Problem to solve ▸
Beginning with the line that contains "Western Dobsonfly", transcribe the rest of the listing below exactly, including its last line, and exclude any pictures.

Dataset excerpt ▸
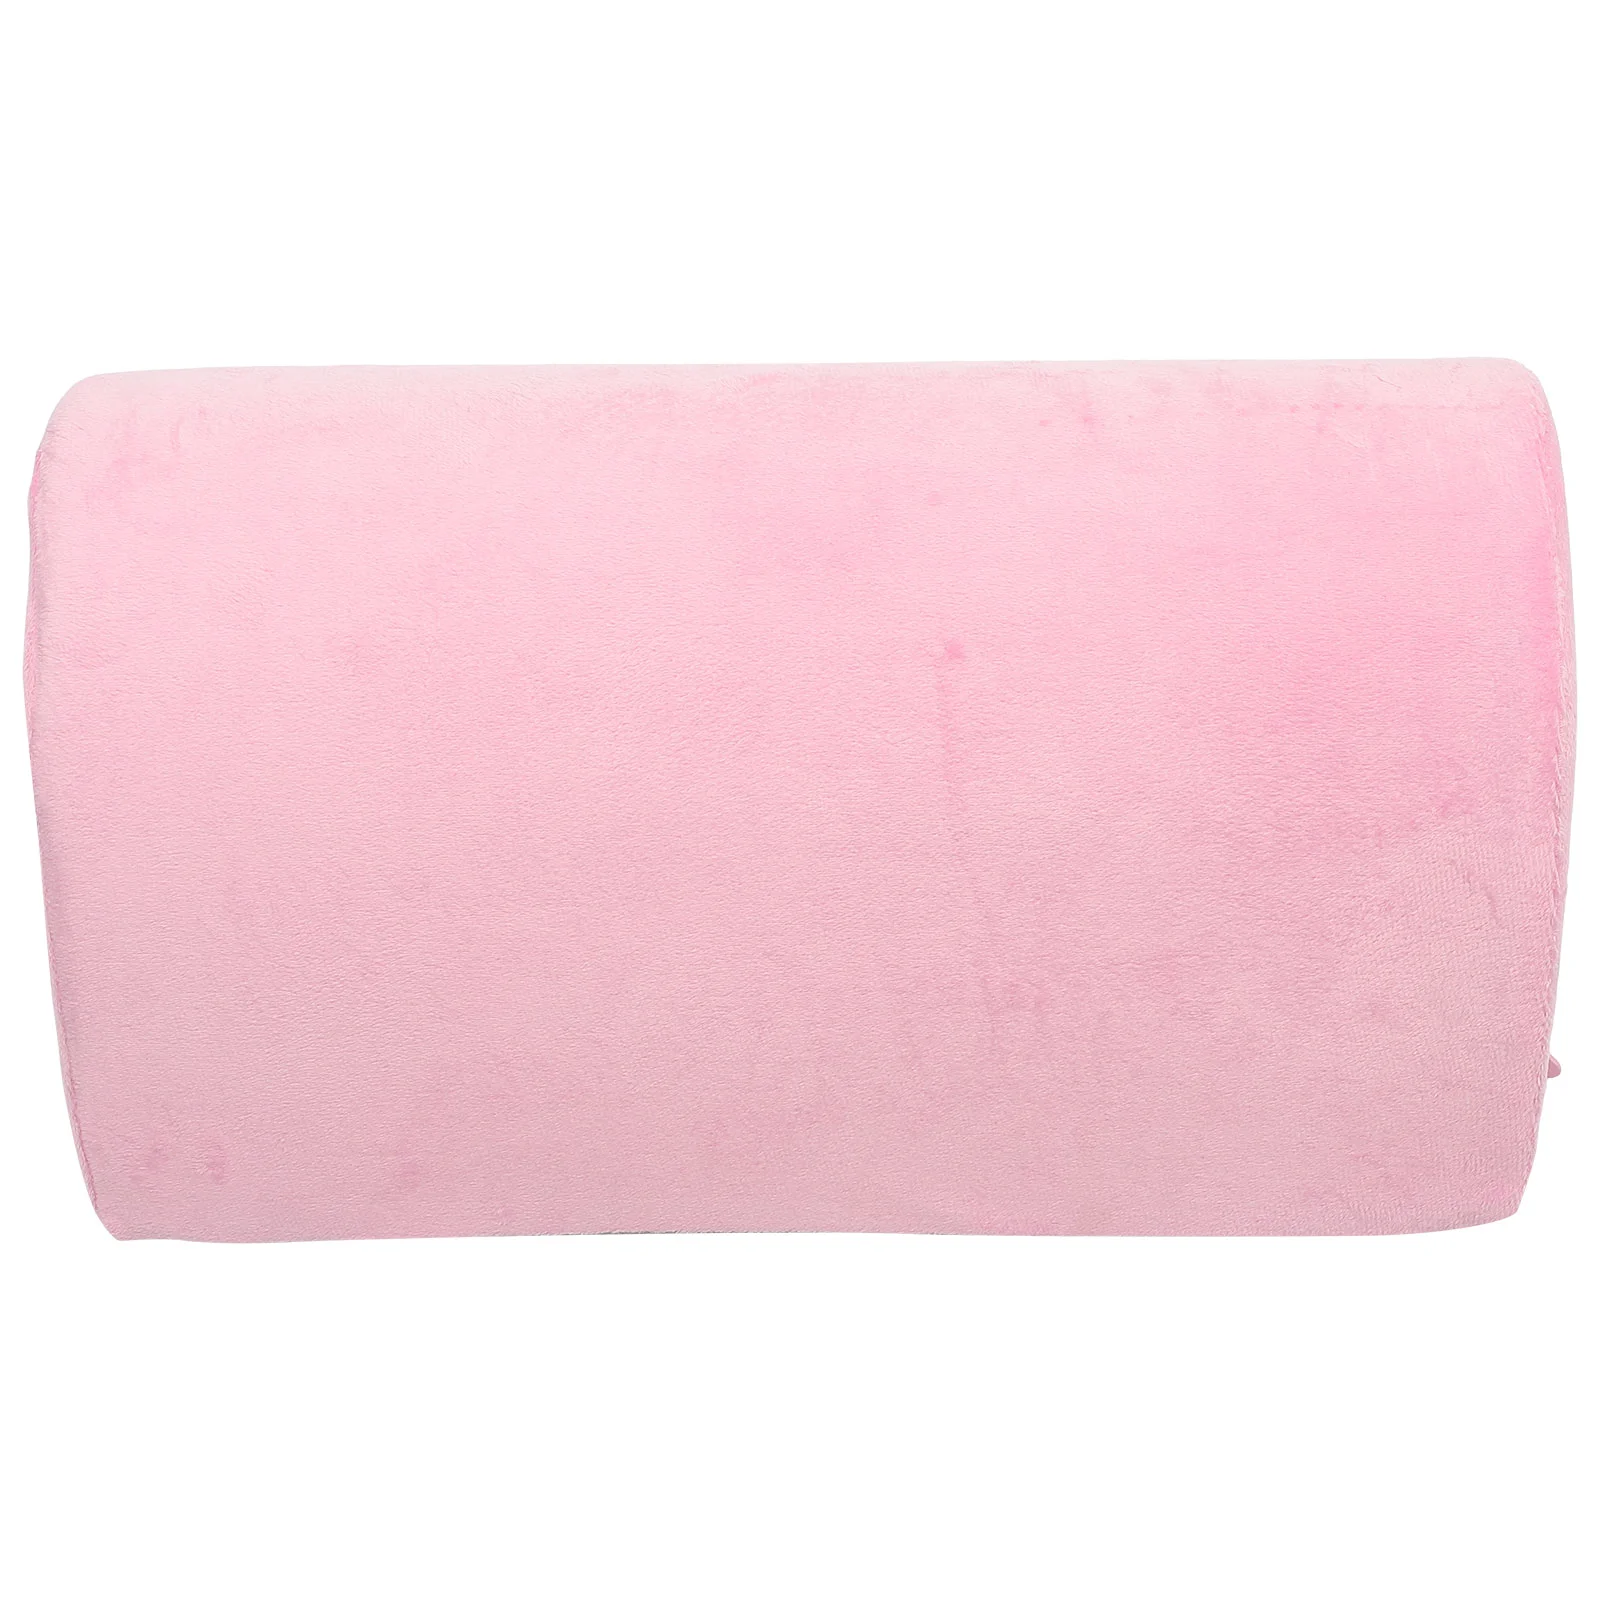 Foot Pillow Cushion Support Office Necessities Supplies Crystal Velvet under Desk Pad Comfort
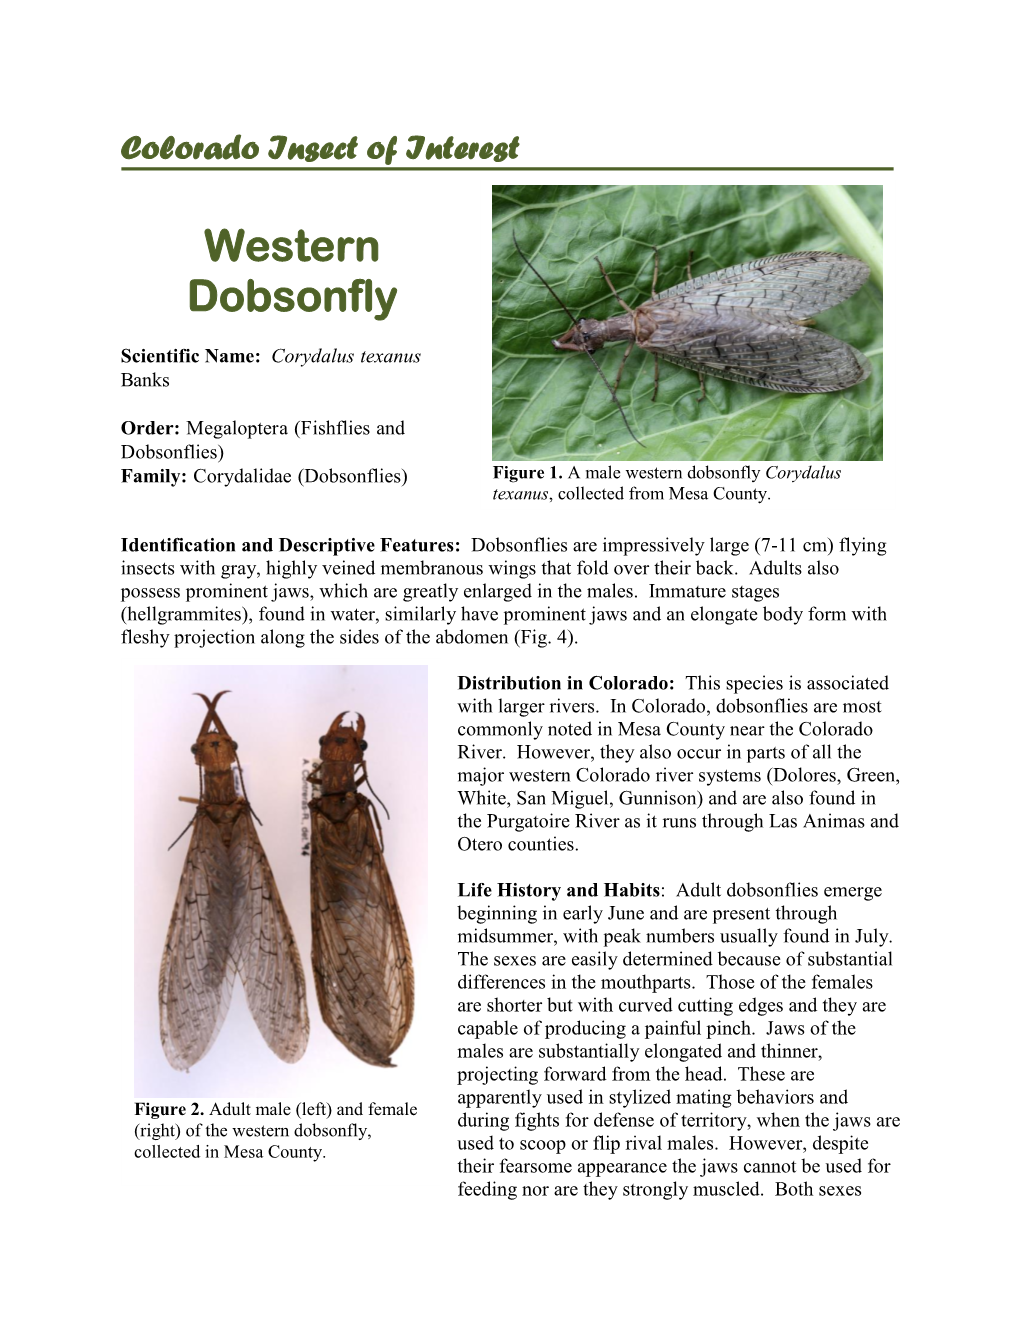 Western Dobsonfly
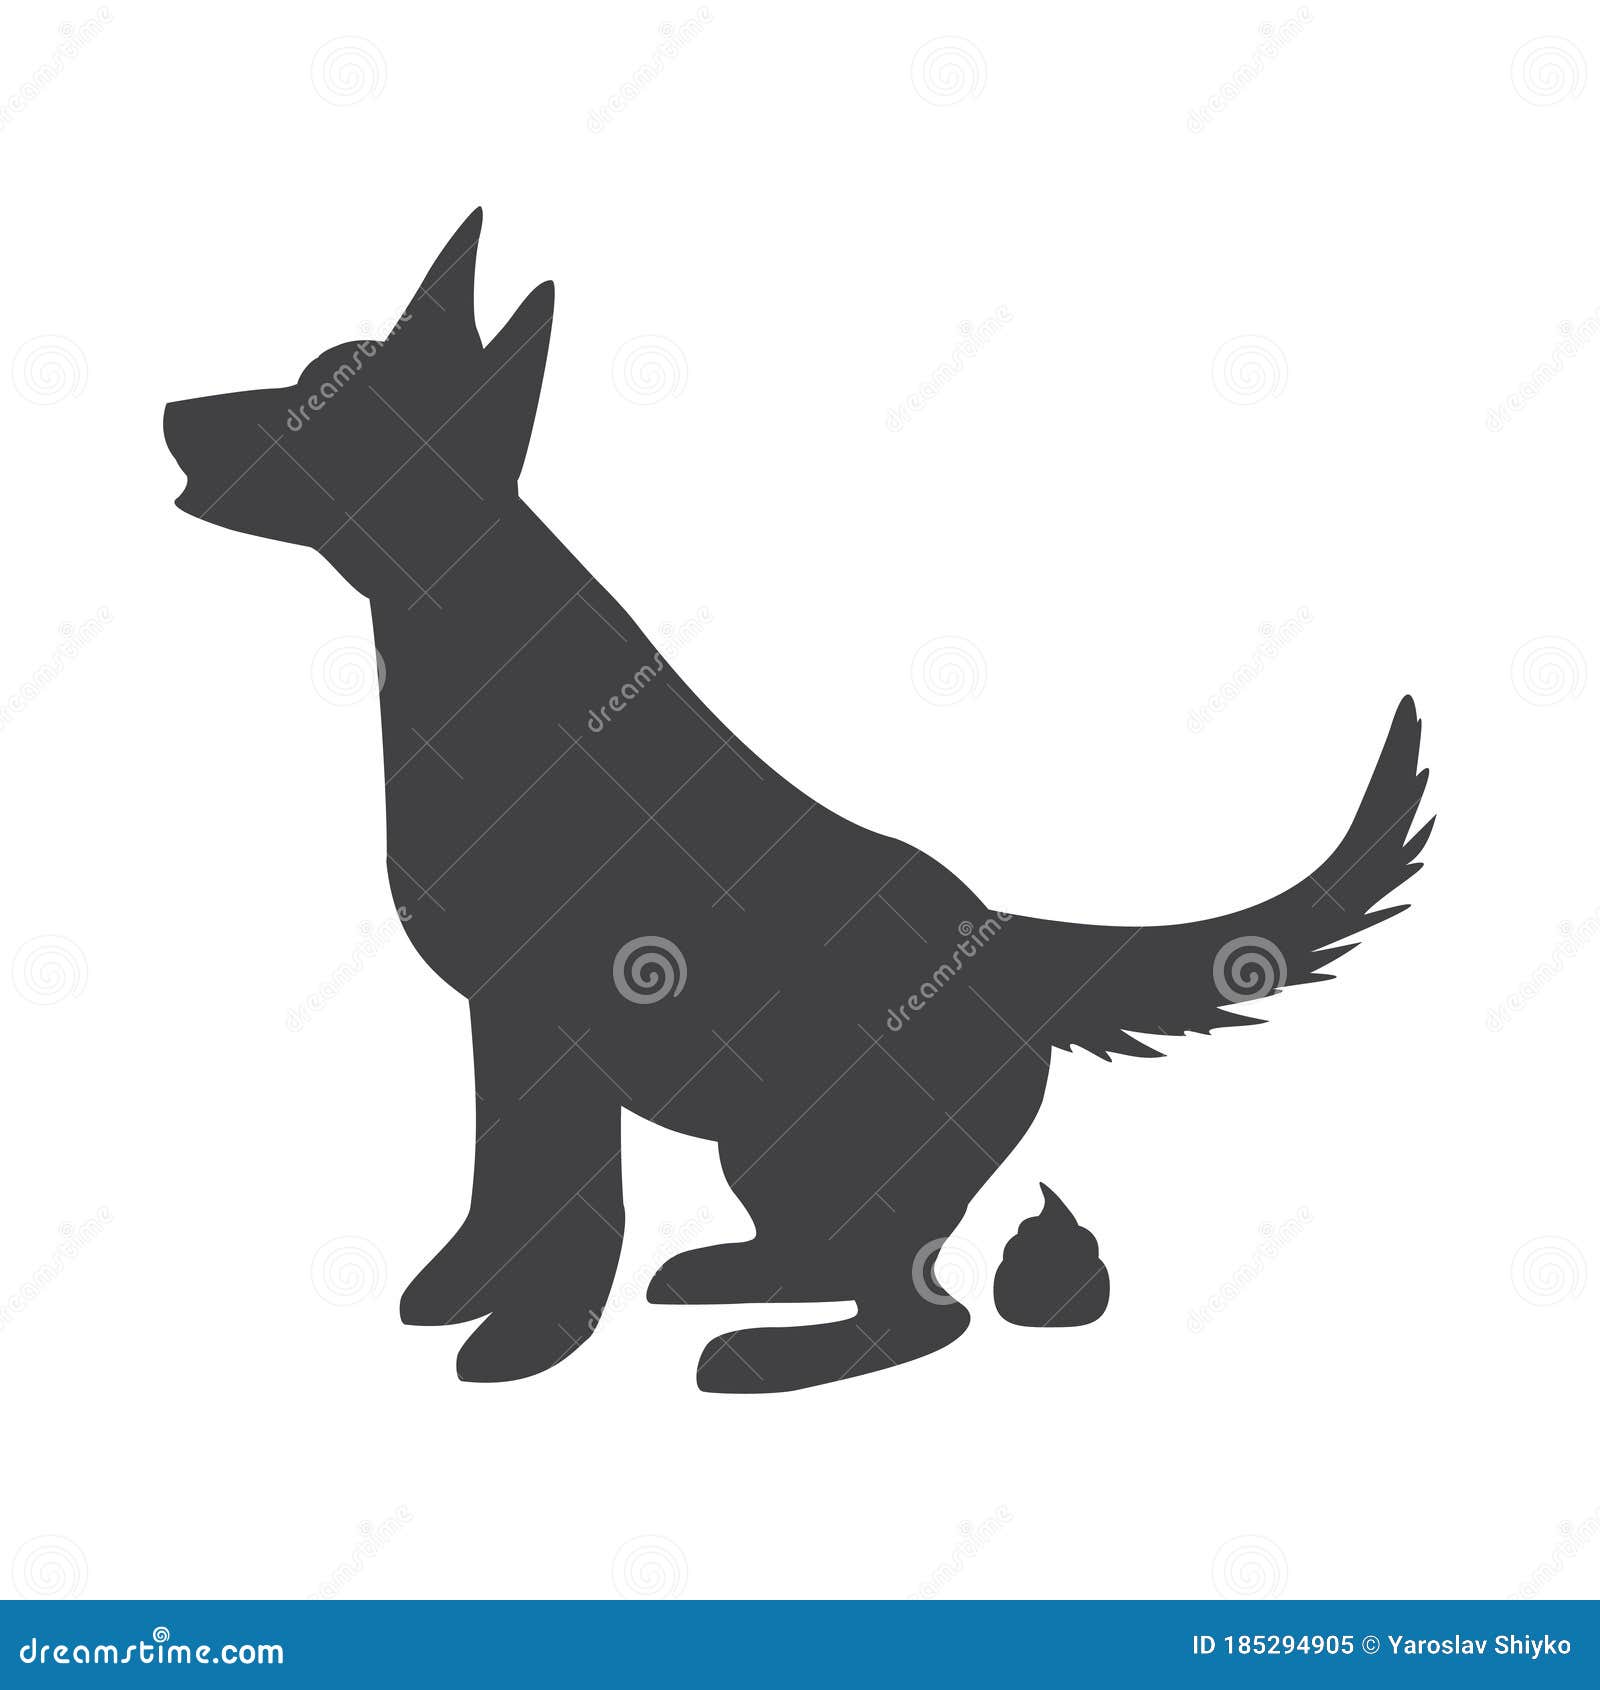 No Dog Pooping Warning Sign Cartoon Vector | CartoonDealer.com #107804251

Answer to the problem ▸
 Western Dobsonfly
 No Dog Pooping Warning Sign Cartoon Vector | CartoonDealer.com #107804251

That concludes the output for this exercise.